This page summarises the secondary causes of open-angle glaucoma. These conditions involve clogging of the trabecular meshwork where the angle is still open. This blocks aqueous outflow and leads to increased IOP, which subsequently leads to glaucoma.
Posner-schlossman Syndrome
Recurrent unilateral episodes of acute IOP elevation
Pathology
- Idiopathic episodic disease
- Associations: CMV + H.pylori + HLA BW5
Diagnostics
Presentation
- 20yr male + Unilateral + blurred vision + recurrent attacks + white eye
Investigations
- IOP (40-80mmhg) + open angle + no synechiae
Management
- Topical steroids
- IOP lowering(high → IV acetazolamide, medium/low → topical timolol)
Pseudoexfoliation Syndrome
Grey white fibrillar deposits block the anterior chamber angle leading to secondary open-angle glaucoma
Pathology
- Linked to a mutation in the LOXL1 (an enzyme that contributes to elastin formation) in Chr 15q24.1
- Associations: hearing loss + Alzheimers + high homocysteine + low folate intake
Diagnostics
Presentation
- Scandinavian female of 50 years
Investigations
- Elevated IOP + Glaucomatous vision changes + anterior lens capsule white deposits + sampaolesi line
Management
- As for POAG
Pigment Dispersion Syndrome
An inherited autosomal dominant condition characterised by clogging of the trabecular meshwork by iris pigment.
Pathology
- Pigment dispersion syndrome = shedding of iris pigment throughout the anterior chamber
- Pigment dispersion glaucoma = iris pigment clogs trabecular meshwork and leads to open-angle glaucomatous vision changes
Diagnostics
Presentation
- Blurred vision on exertion
Investigation
- Elevated IOP + Glaucomatous damage + TM pigmentation + Krukenberg spindles + Mid peripheral spoke like pigmentation
Management
- Conservative: avoid exertion
- Medical: Topical prostaglandins or pilocarpine before exercise
- Surgical: Trabeculoplasty or trabeculectomy
Phacolytic Glaucoma
Debris from hypermature cataracts can break off and clog the trabecular meshwork. This can lead to secondary open-angle glaucoma
Diagnostics
Presentation
- Painful red eye
- Pseudohypopyon
Investigations
- AC tap → lens proteins and foamy macrophages
- Slit-lamp → Anterior chamber flare + hypermature cataract
Management
- Medical → topical IOP lowering medications following the same protocol as POAG
- Definitive → cataract extraction
Angle Recession Glaucoma
Ciliary body damage caused by blunt trauma can lead to chronic open-angle glaucoma. This is called angle recession glaucoma.
Pathology
- Blunt ocular trauma can rupture the ciliary body between the root of the iris and the scleral spur.

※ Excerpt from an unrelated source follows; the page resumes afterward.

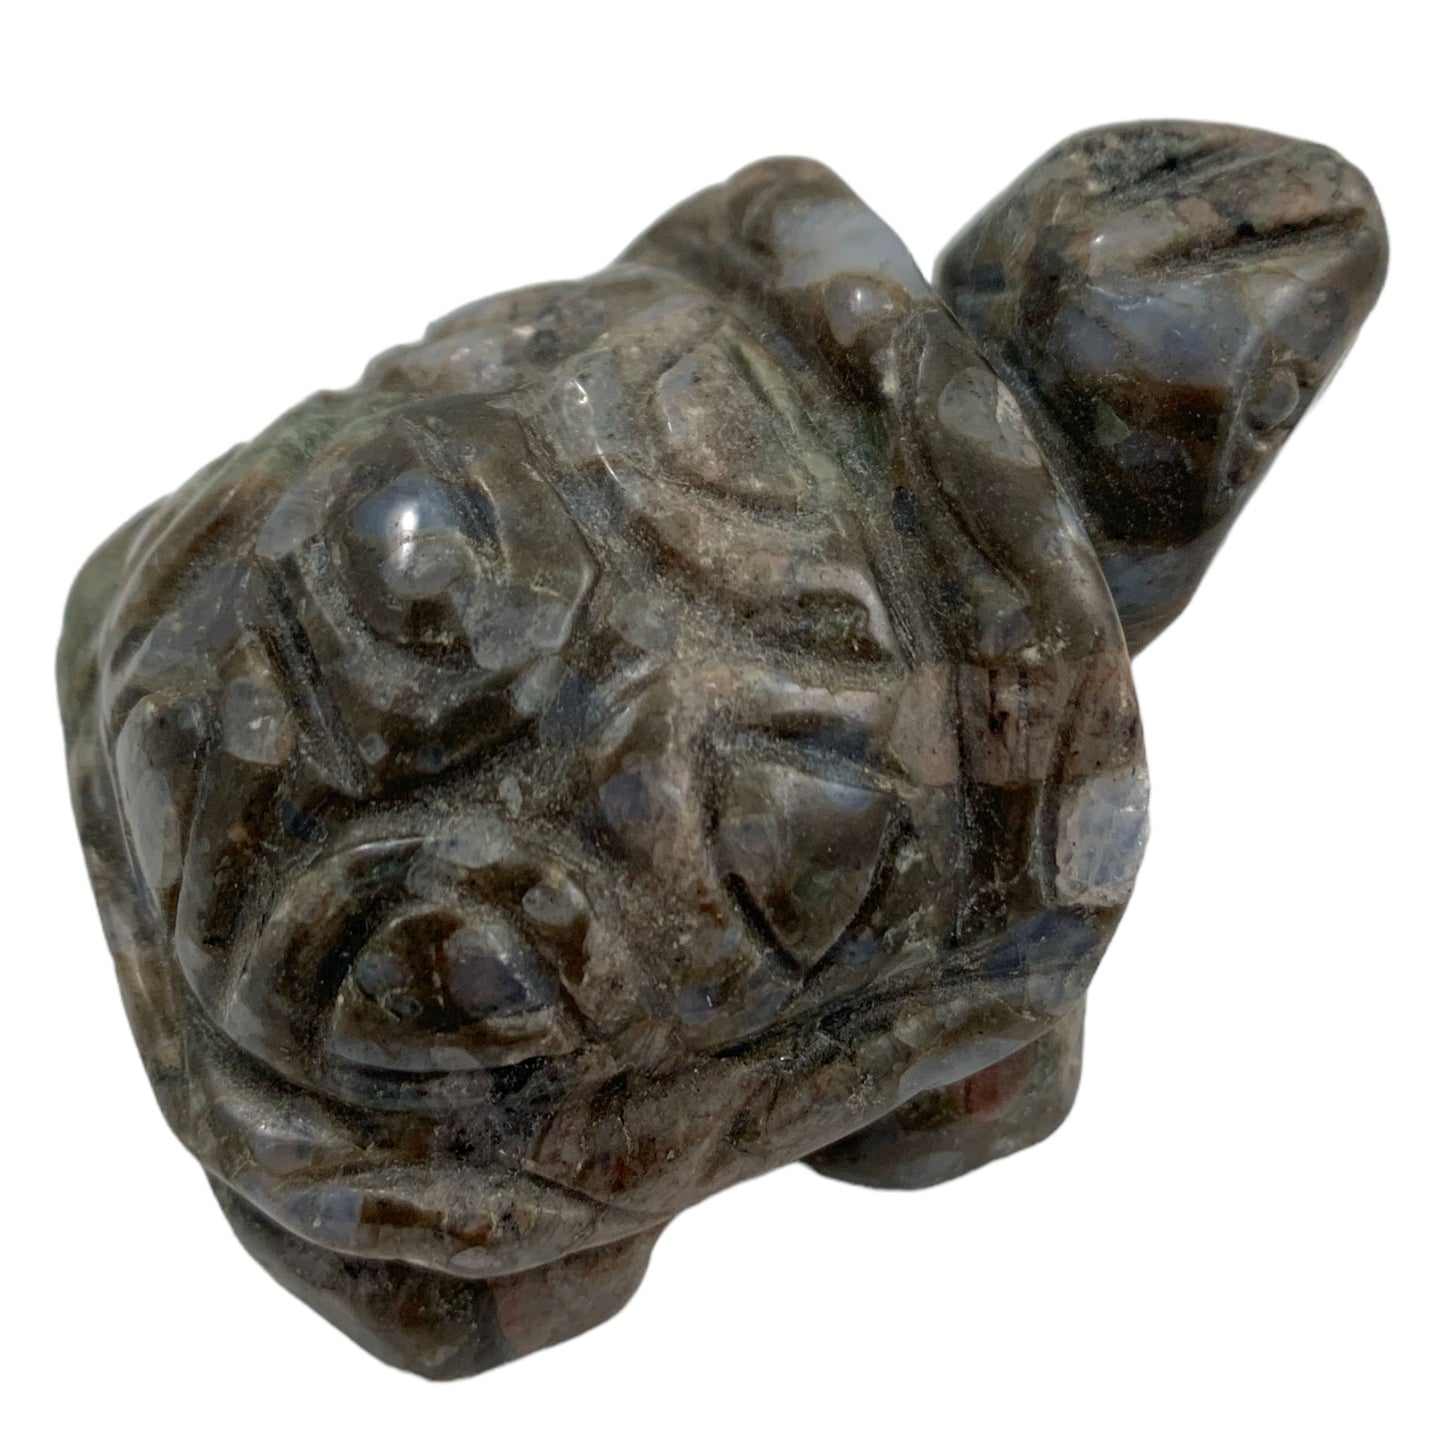 Petite tortue - RHYOLITE - LLANITE - QUE SERA - sculpté à la main - NEW622

- Glaucoma is caused by damage to the trabecular meshwork and only develops in around 10% of patients over 10 years.
Diagnostics
Presentation
- History of ocular trauma
Investigations
- Gonioscopy shows irregular widening of the ciliary body
Red Cell and Ghost Cell Glaucoma
Cells can get trapped within the trabecular meshwork and lead to aqueous outflow obstruction, raised IOP and open-angle glaucoma.
Red cell |
Ghost cell |
---|---|
Fresh red cells blocking the TM |
Degenerated old red cells blocking the TM |
Typically occurs acutely after hyphema and blunt trauma |
Typically occurs a few weeks after vitreous haemorrhage |
Characteristic tan coloured degenerating red cells can be seen in the anterior chamber in patients with ghost cell glaucoma.
Sturge-weber Syndrome
A congenital neurocutaneous disorder which leads to glaucoma
Pathology
- Anterior chamber malformation → glaucoma within first year of life
- Increased episcleral venous pressure → glaucoma later in life
Causes of raised episcleral venous pressure can also lead to raised IOP.
Diagnostics
Presentation
- Port Wine stain + seizures + + choroidal hemangiomas
- Glaucomatous eye is ipsilateral to the stain
Port Wine stains are non-blanching pink/purple patches that do not cross the midline.
Management
- Early-onset → Goniotomy or trabeculectomy or combined trabeculectomy-trabeculectomy.
- Late-onset → Medical therapy first, then trabeculectomy if medical therapy fails.